The Sentiment of the Australian Public

If you were to poll the average Australian on the street, they probably wouldn’t have any strong feelings on the duopoly because there isn’t a nuanced understanding of exactly how influential these companies are in the general public. Most people simply don’t know how many different brands and companies are owned by Woolworths and Coles.

From a consumer perspective, they are mostly happy because they can get the goods they want, at inexpensive prices, at a place that is convenient for them. This is one of the pernicious aspects of these public goods – no one is aware of the externalities that come with a duopoly like this. And as a result, it can be very difficult to do something about it.

When it comes to comparing the two, this is difficult to get any real data on. Both brands have a loyal base of customers, and they continue to push home their advantage in any way that they can. Currently, Woolworths seems to be a bit stronger than Coles, but this has changed hands numerous times over the years and so it’s not something that we should hang our hat on.

At the end of the day, the Australian retail experience owes a lot to what Woolworths and Coles have done, and they are here to stay – whether we like it or not. By ingratiating themselves into Australian culture and obsessing about delivering a world-class customer experience, they’ve won the battle to become a household supermarket chain.
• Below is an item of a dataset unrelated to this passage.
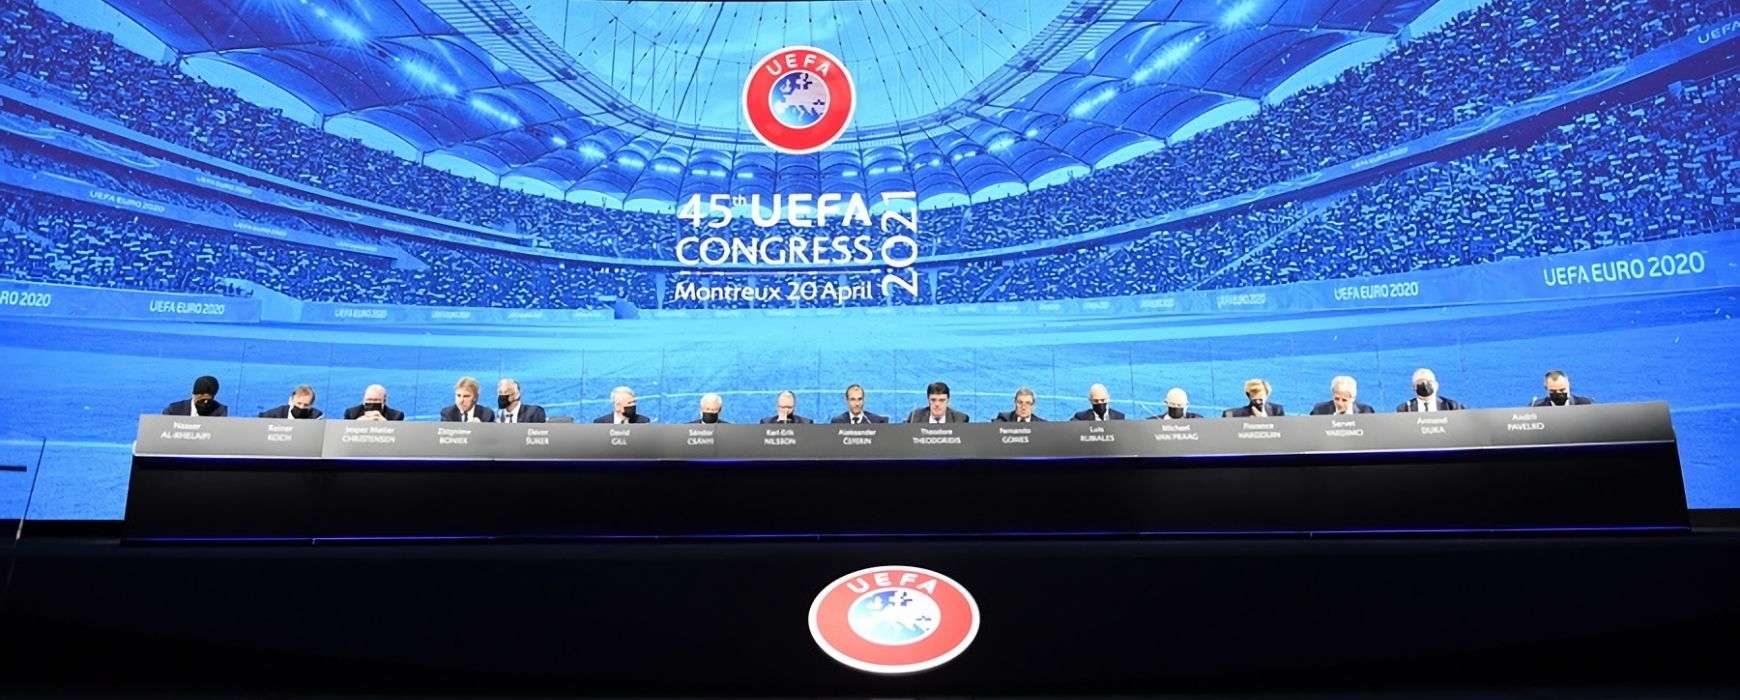 55 ομοσπονδίες καταδίκασαν τη διακήρυξη για την European Super League

Key Takeaway: Consumers only really care about themselves. Rational self-interest is something that holds true across most markets and so if you can focus on them – you’ll build a loyal audience.

Conclusion

That brings us to the end of our deep dive into the competition between Woolworths and Coles. This is a story that is not yet over because they continue to battle and innovate against each other to this day, but by looking at where it’s come from you can get a decent sense as to the sorts of strategic moves that are required to grow a company like this.
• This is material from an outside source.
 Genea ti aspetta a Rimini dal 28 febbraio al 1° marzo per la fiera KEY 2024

Let’s recap some of the main takeaways that we discussed:

  • You must be constantly adjusting to the macro-economic and cultural shifts that are affecting your customers, or you risk becoming detached and eventually made irrelevant.
  • What seems obvious to us now represented a game-changing innovation in the past. What new concept can you bring to life today that will look obvious to us in the future? Is there low-hanging fruit that is right in front of you?
  • Venturing out of your vertical doesn’t always work, no matter how strong your brand is. Do so carefully and with the right research and risk mitigation behind you.
  • Short-term price wars can often have negative long-term effects that you don’t see straight away. Wherever possible, compete on value rather than price – because the incentives are much more productive for you and all your stakeholders.
  • Growing too big comes with its own problems and challenges. Be wary of creating monopolies or duopolies which draw the attention of the regulator. Strategic acquisitions should be carefully considered with the wider societal impacts in mind.
  • Consumers only really care about themselves. Rational self-interest is something that holds true across most markets and so if you can focus on them – you’ll build a loyal audience.

Strategically, the way that these two companies have intertwined is fascinating, and it shows just how competition can act as a catalyst for powerful innovation. Having a peer to compare yourself to keeps you honest and keeps you working hard every day to try and outperform.
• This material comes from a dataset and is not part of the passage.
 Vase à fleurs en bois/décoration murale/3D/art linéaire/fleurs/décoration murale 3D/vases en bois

This is one of the major reasons why duopolies are more interesting than monopolies. When you have one company that dominates a space, they tend to get complacent and they start to take their customers for granted, which opens space for new entrants and disruptors. But when you have two companies battling over time, there is natural accountability that makes for fascinating business outcomes.

We hope that you’ve been able to get some value from this strategy study that you can apply in your own business. The lessons that we can learn from Woolworths and Coles are transferable across all industries and they’re a perfect microcosm of what happens when two heavyweights are going at it in the marketplace.

We wait patiently for the disruptor that will change the game once more, but for now – you’ll have to stick with Woolworths or with Coles.